■ **INSTRUCTIONS TO FOLLOW**
From the line with "gran expansión, 'Apocalypse'" down to the final line of the material, please transcribe everything exactly, but leave the pictures out.

■ **PROVIDED DATA**

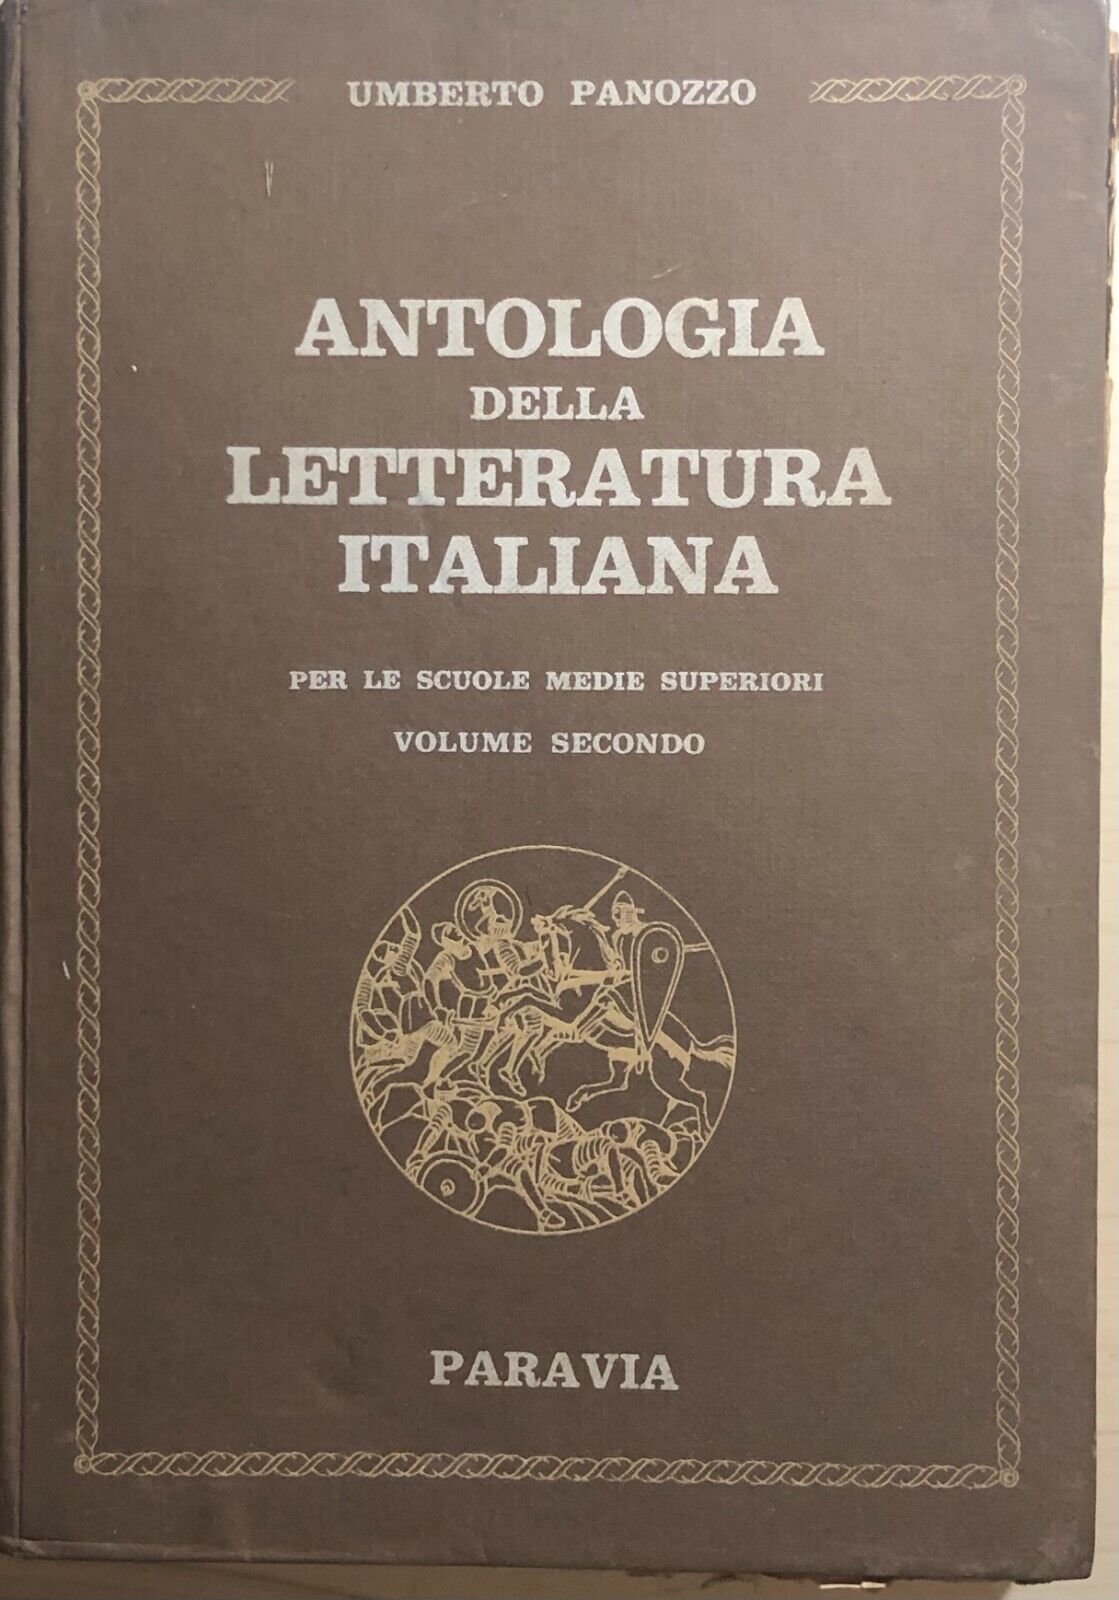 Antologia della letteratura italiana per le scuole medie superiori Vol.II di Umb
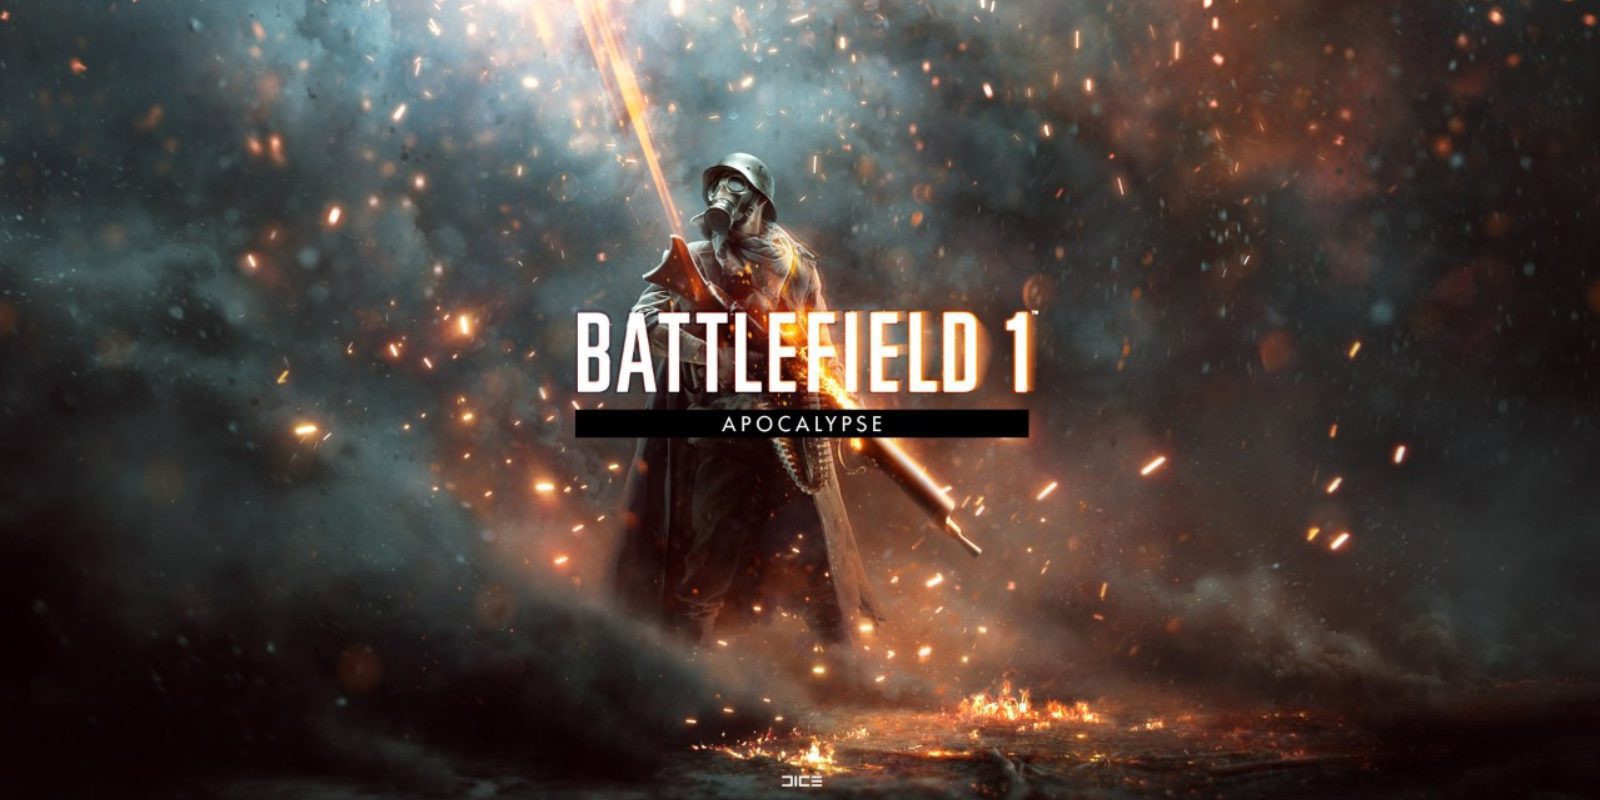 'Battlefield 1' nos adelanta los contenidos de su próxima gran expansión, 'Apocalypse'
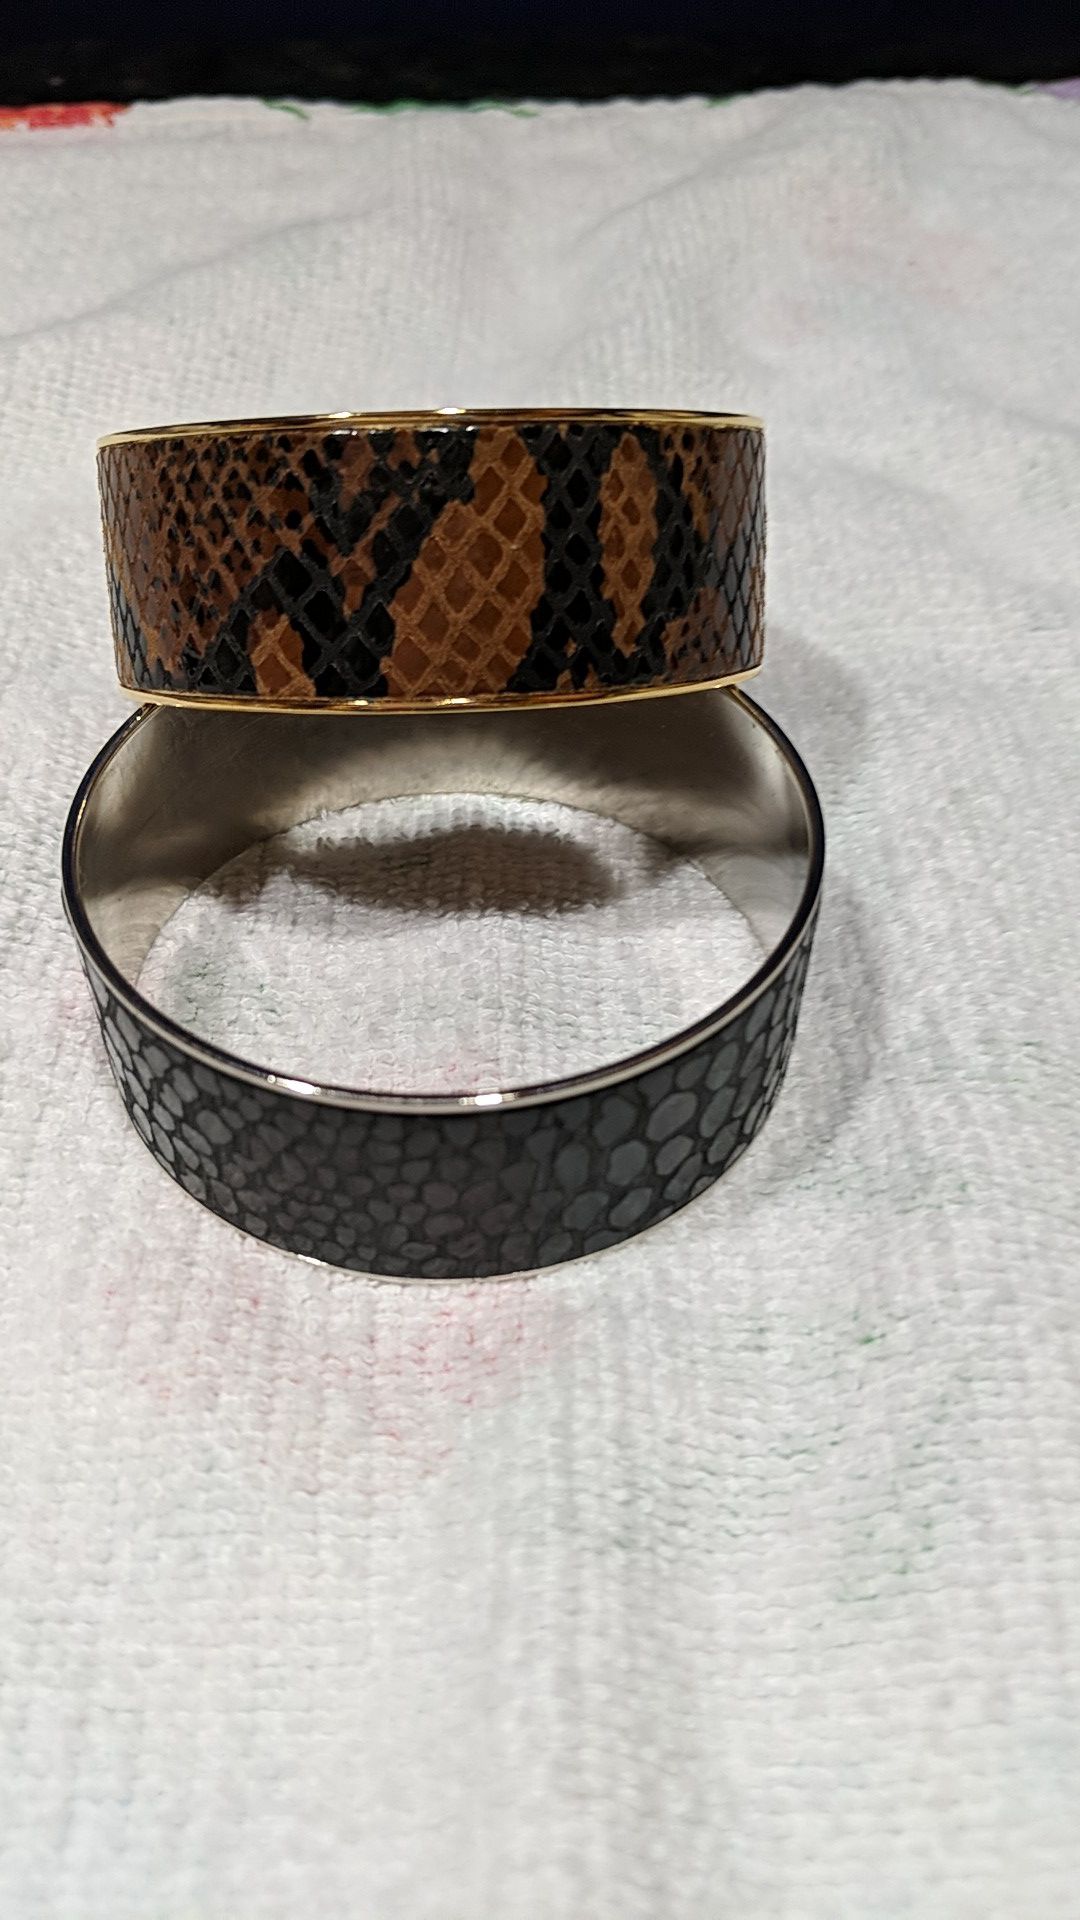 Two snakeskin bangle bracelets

■ **ANSWER BELOW**
 'Battlefield 1' nos adelanta los contenidos de su próxima gran expansión, 'Apocalypse'
 Two snakeskin bangle bracelets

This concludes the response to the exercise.